Harley Varavette | Staff Writer
I have been through a lot of heartache.
Not the typical heartbreak that most 21-year-olds endure. My heartbreak was truly life-altering.
When the cardiologist told me I was going to need heart surgery, just before my senior year at Duquesne, I was in shock.
Fears danced in my head. I had family members undergo similar procedures who ended up having strokes during the surgery, and in some cases died shortly after.
Despite reassurances from everyone, including medical professionals, I could not help but think of the possibility that I may not wake up after being put under.
Then there was the worry about long-term ramifications of the surgery. I have seen loved ones go through a similar experience, to wind up dead after just six weeks.
EKGs should be a common practice in every doctor’s appointment. Being aware of one’s heart health will enable people to control their health better and make wiser decisions in taking better care of themselves.
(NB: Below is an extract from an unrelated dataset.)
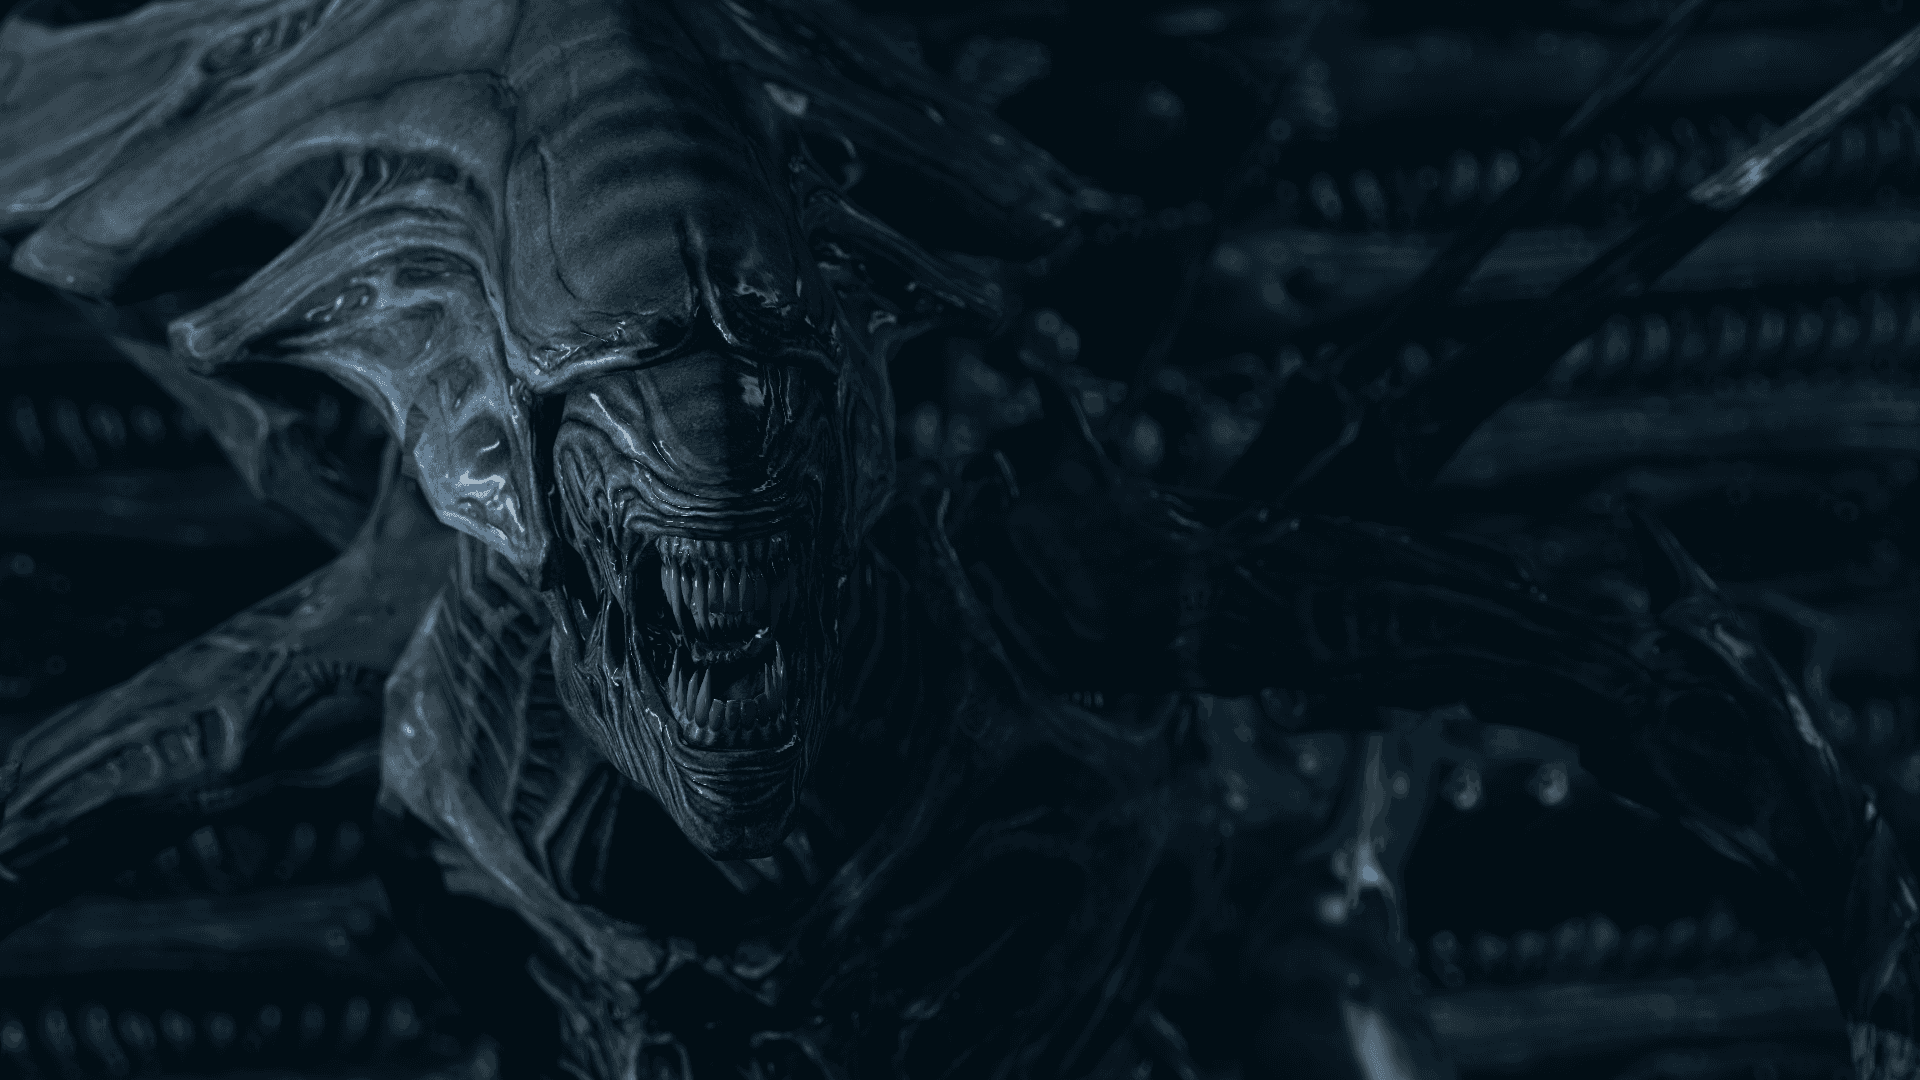 Aliensutomjordingar - Bakgrundsbild

Like many families, my family has a long history of heart disease.
Less than 5 years ago, my mother unexpectedly died at the age of 48.
She died from coronary artery disease, a disease caused by plaque buildup in the wall of the arteries that supply blood to the heart. She had undergone a procedure to install a pacemaker for her heart and, 6 weeks later, she died.
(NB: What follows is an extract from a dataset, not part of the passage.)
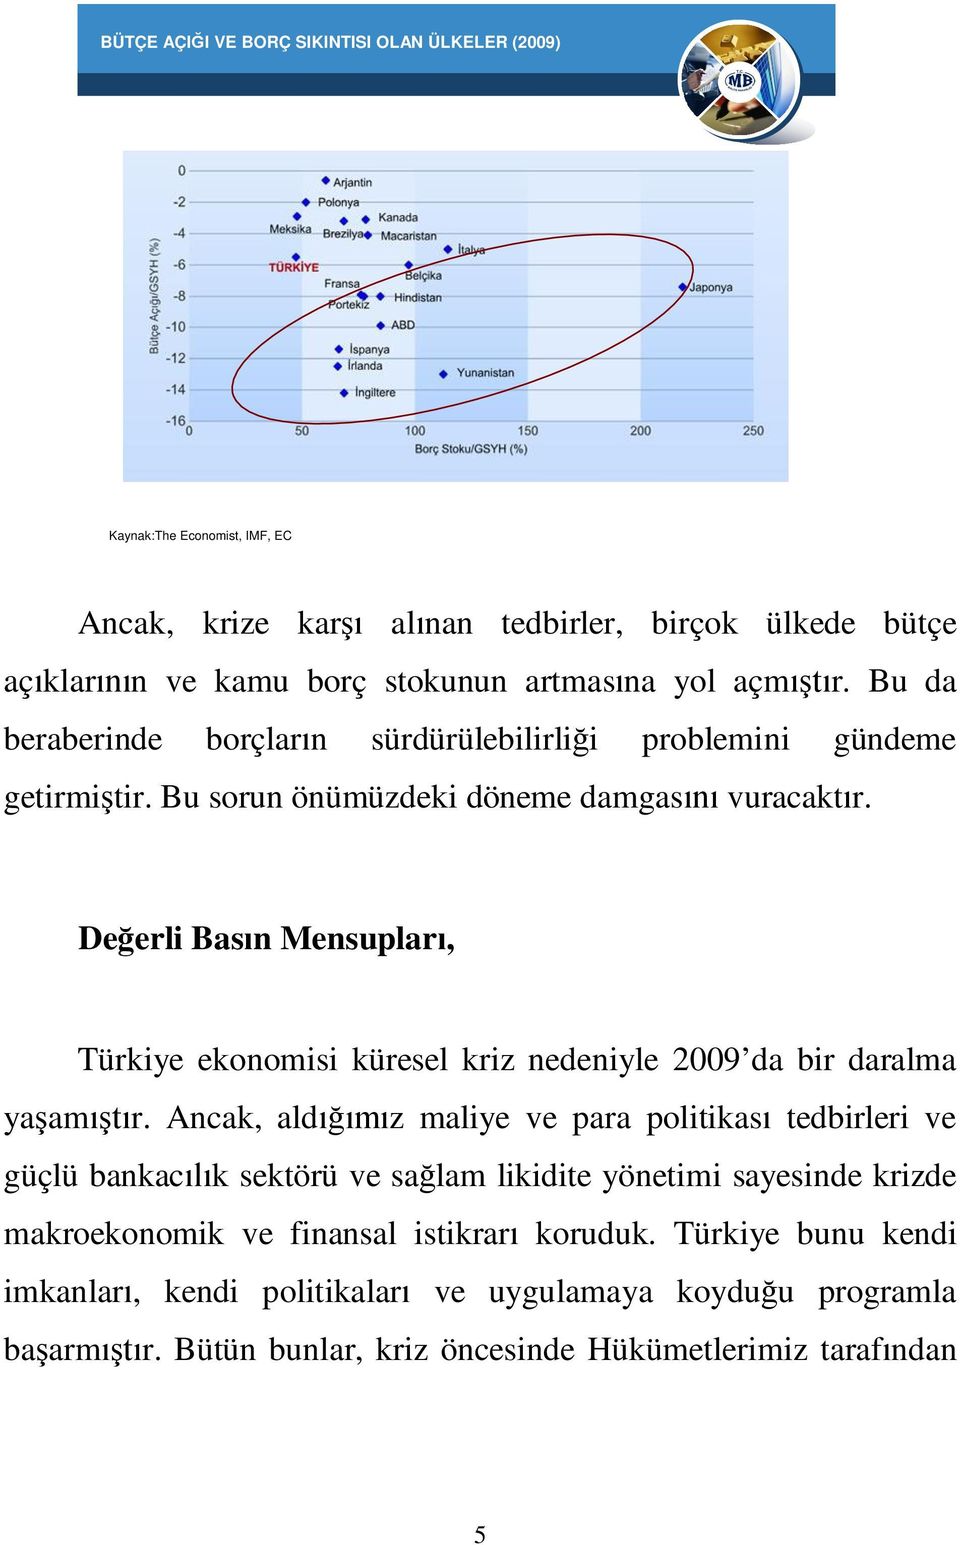 De erli Bas n Mensuplar, Türkiye ekonomisi küresel kriz nedeniyle 2009 da bir daralma ya am r.

The woman who raised me was suddenly out of my life. My father passed away when I was 3 years old. It was my mother who guided me through life.
And now she is gone.
This loss woke me up to reality and started the clock for me. What can I do to maintain my heart health before it is too late?
Coronary artery disease is a rather common form of cardiovascular disease. According to the American Heart Association, cardiovascular disease remains the leading cause of death in the United States, accounting for 928,741 deaths in 2020.
My curiosity led me to find a new primary care physician and learn for myself what I may be enduring and if I am following a line of heart disease patients.
After two years of EKGs and an MRI, my findings did not show cardiovascular disease. They did, however, find another heart condition that about 25% of live births, according to the National Institutes of Health.
It is a congenital heart defect called atrial septal defect.
Along with this atrial septal defect, the doctors had found another hole in my heart that was causing my right ventricle to dilate, which made me extremely susceptible to having a stroke or heart failure.
Sitting in a cardiologist’s office being told about these findings and possibly having surgery felt like I was watching a drama on the television. The reality of the situation was overwhelming. Heart surgery was not part of my summer plans.
Over a month ago I underwent surgery to fix this issue to live a longer, fuller life: hopefully longer than both of my parents.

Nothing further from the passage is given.